Friday, March 29

The Terminator zone: the place where there would be life on exoplanets | Digital Trends Spanish


The exoplanets they can have all sorts of strange environments, and one feature that’s relatively common to find among exoplanets but doesn’t exist among planets in our solar system is tidal lock. This is where one side of the planet always faces its star and the other side always faces out into space, so one side gets incredibly hot while the other side is icy. That doesn’t sound like a comfortable environment for life, but recent research shows that it’s possible that these exoplanets could be habitable in the narrow band that separates the two sides.

Known as the “terminator zone,” this is the ring around a planet between the hot side, called the dayside, and the cold side, called the nightside. This zone separates two very different climates. “This is a planet where the dayside can be scorching, well beyond habitability, and the nightside is going to freeze over, potentially covered in ice.
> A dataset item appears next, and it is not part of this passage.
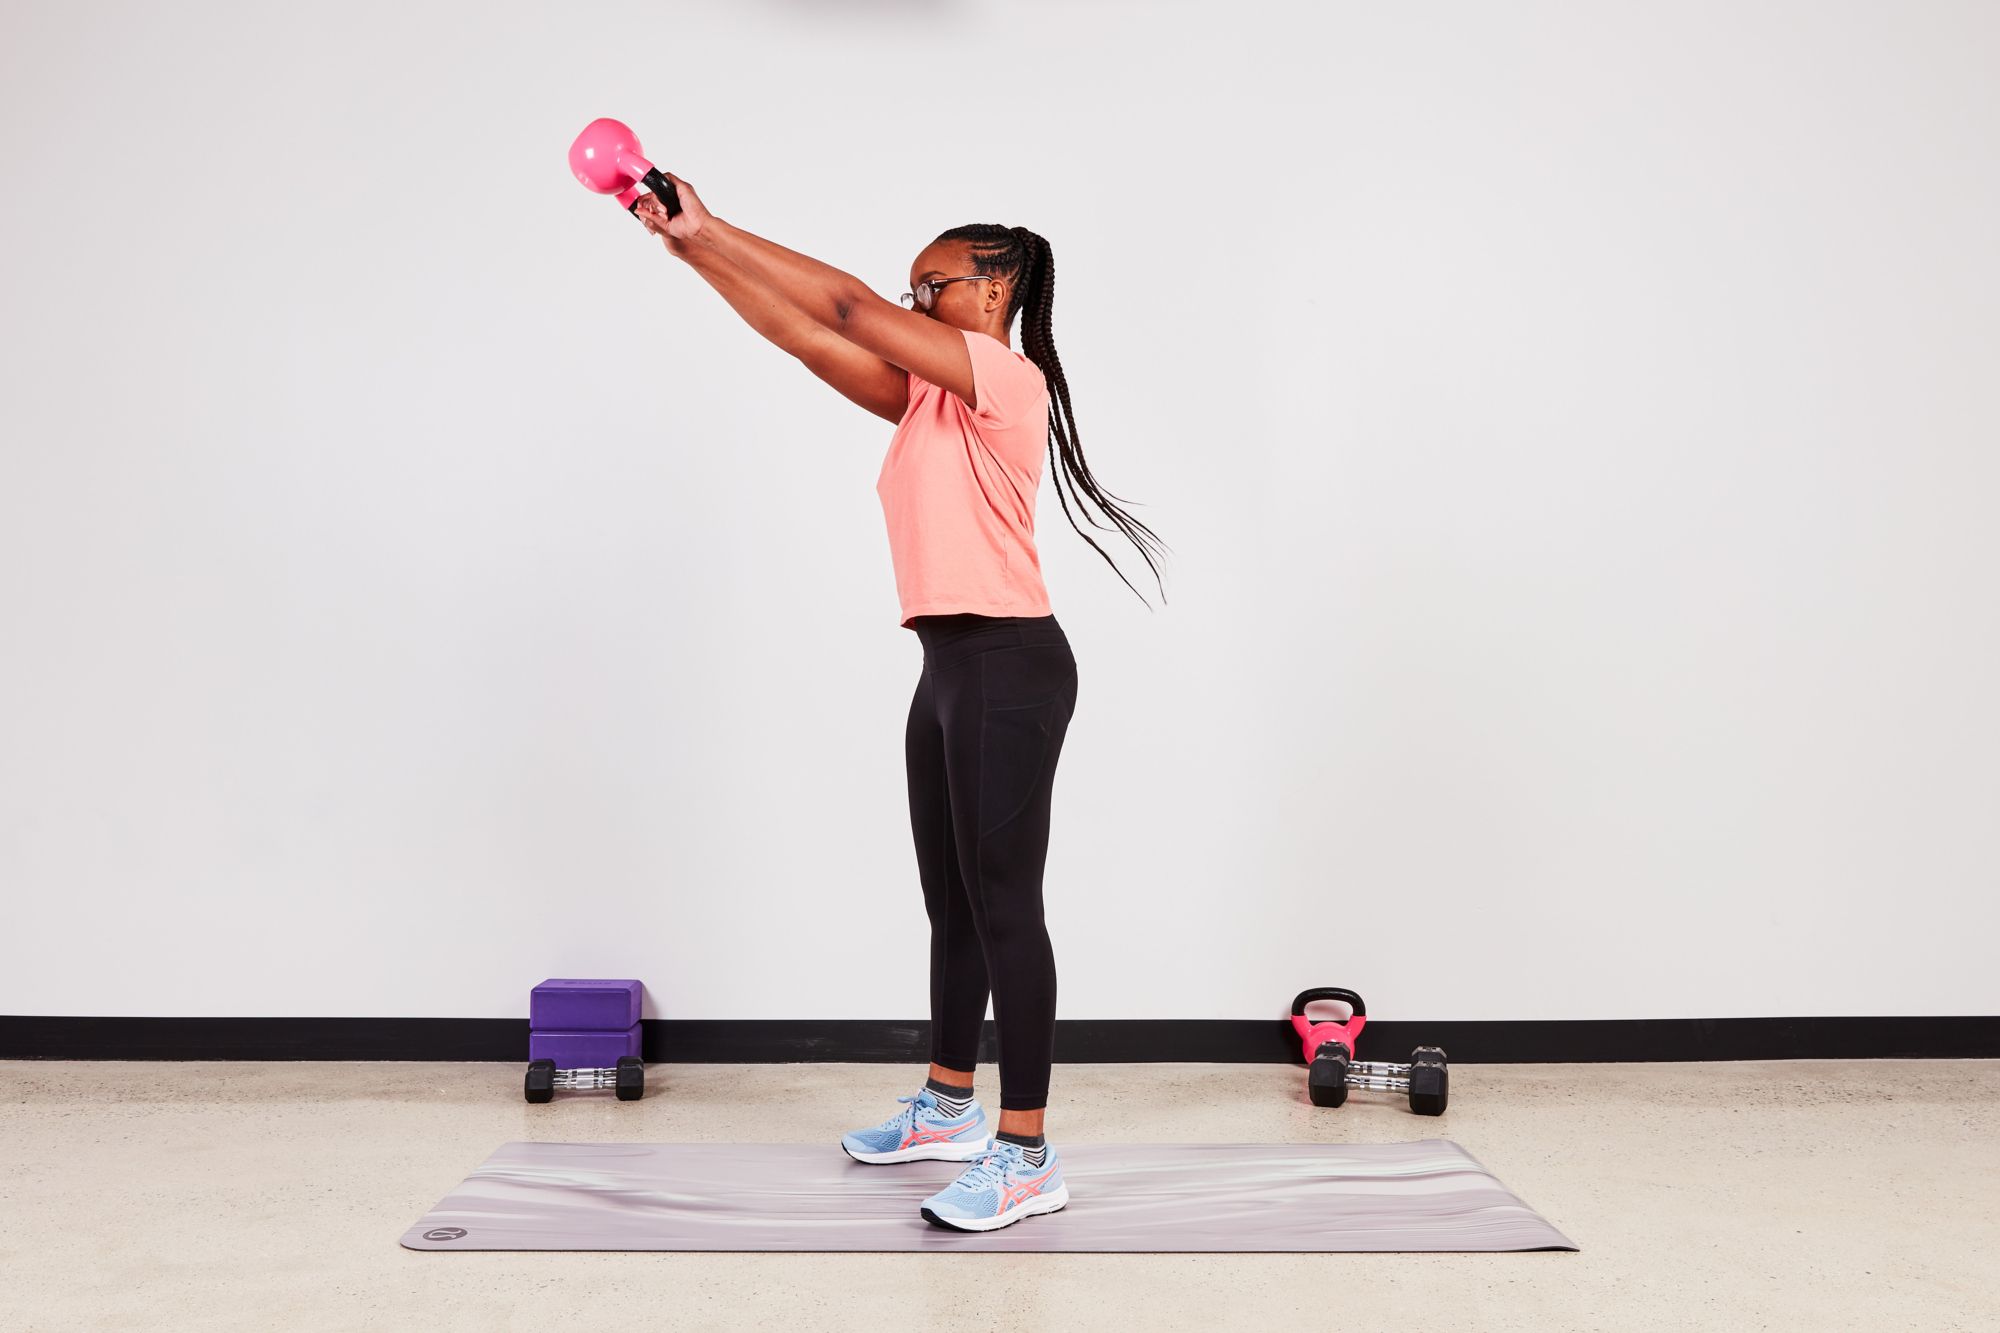 The Best Kettlebell Workouts for Strength, Muscle Mass, Beginners, and More

You could have big glaciers on the night side,” explained lead researcher Ana Lobo of the University of California, Irvine, in a paper. release.

Some exoplanets have one side permanently facing their star, while the other side is in perpetual darkness. The ring-shaped border between these permanent day and night regions is called the “terminating zone.” In a new article in The Astrophysical Journal, UC Irvine physics and astronomy researchers say this area has the potential to support extraterrestrial life. Ana Lobo / ICU

The researchers modeled such planets using the same software used to model Earth’s climate, but adjusted for factors such as planetary rotation. They found that despite the existence of extreme temperatures nearby, the termination zone could be an appropriate temperature for liquid water to exist on the surface, the essential component for potential habitability.

However, there needs to be a balance of water and land on the planet for this to work. If the planet is mostly covered in water, it would evaporate on the dayside and engulf the planet in steam. But if enough soil is present, this acts as a stabilizing force to allow liquid water to remain on the surface.

“We’re trying to draw attention to more water-limited planets, which despite not having widespread oceans, could have lakes or other smaller bodies of liquid water, and these climates could be very promising,” Lobo said.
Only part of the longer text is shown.